Reggie Yates Couldn't Run a 5K. Then He Trained for a Marathon.
Reggie Yates has built a career on throwing himself into the deep end — prisons, refugee camps, war zones — because he believes the only way to really understand something is to live it. So when he decided to train for his first marathon, nobody who knows his work was surprised. What surprised everyone, including Reggie, was how much he fell in love with it.
This week on The Runna Podcast, Reggie joins Anya to talk about the training block that rewrote his sense of his own limits, the race day that didn't go to plan, and why he's a runner now — for life.
Reggie's Running Journey
Not long ago, a 5K genuinely finished Reggie off, and not at race pace.
"5K was like my maximum — but I would die at the end of a 5K. And that's not really pushing it. We're talking 26, 27 minutes, and it would kill me."
He started his training block in Germany at minus nine degrees, stuck on a treadmill, staring out at a frozen Berlin and almost quitting out of sheer boredom. Then he got home to London, ran outside for the first time, and everything changed.
"Suddenly it felt like I was doing something completely different. It was just so freeing and so liberating."
Somewhere in the long runs, suffering, then not caring, then finding a strange clarity, he realised he'd become a runner.
"This process has made me grow such a love for it in a way that I just didn't have before."
When Race Day Didn't Go To Plan
Race day started beautifully: old friends at bag drop, strangers cheering him by name, a stint running alongside Peppa Pig. Then the heat hit. His body stopped cooperating at 17K.
"I don't remember stopping. I don't remember feeling weird. I just remember running, and then not, and being covered in packs of ice."
His internal temperature had reached 40.5°. He didn't finish. But what he says about it is the most useful part of the whole conversation — grateful for the care he got, clear-eyed about what the day really meant, and more motivated than ever.

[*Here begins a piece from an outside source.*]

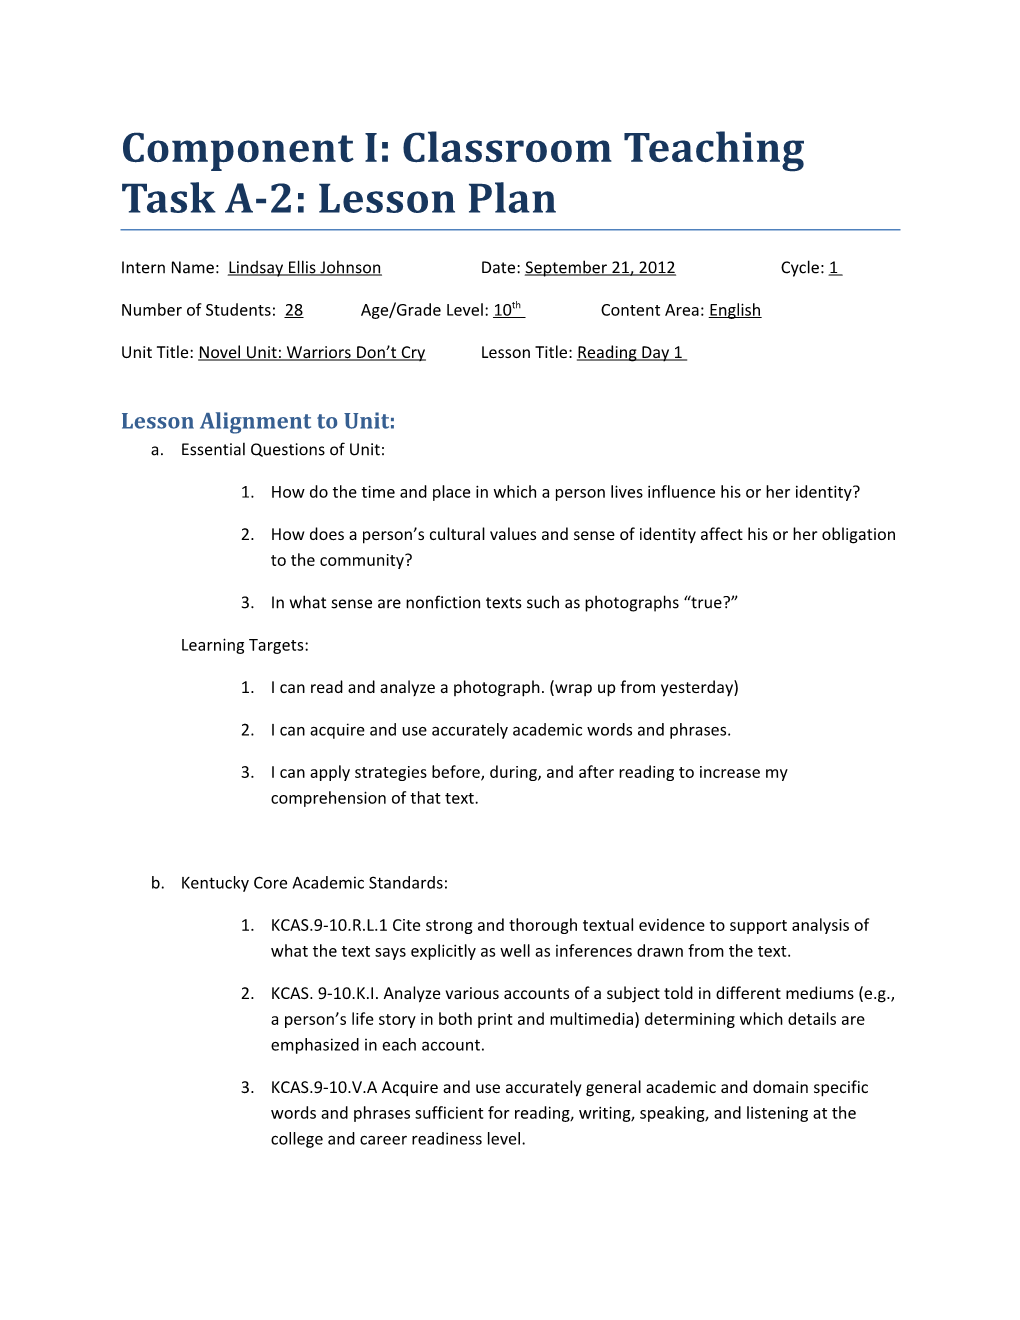 Component I: Classroom Teaching Task A-2: Lesson Plan

"Even though I had an internal temperature of 40.5 in the hospital, I got to go home — and I get to look back on the day remembering the best bits and the reason I did it."
The training, he's certain, was the achievement all along.
Everyone Can Be A Runner
Reggie's message to anyone who thinks running isn't for them is refreshingly free of lycra and rice-crispy-square evangelism. You don't need a PB, a finish line, or the Instagram-runner look.
"If you can lace up your trainers and move, you're a runner."
This episode is for first-timers, returners, and anyone who's had a race go sideways. You'll walk away with something.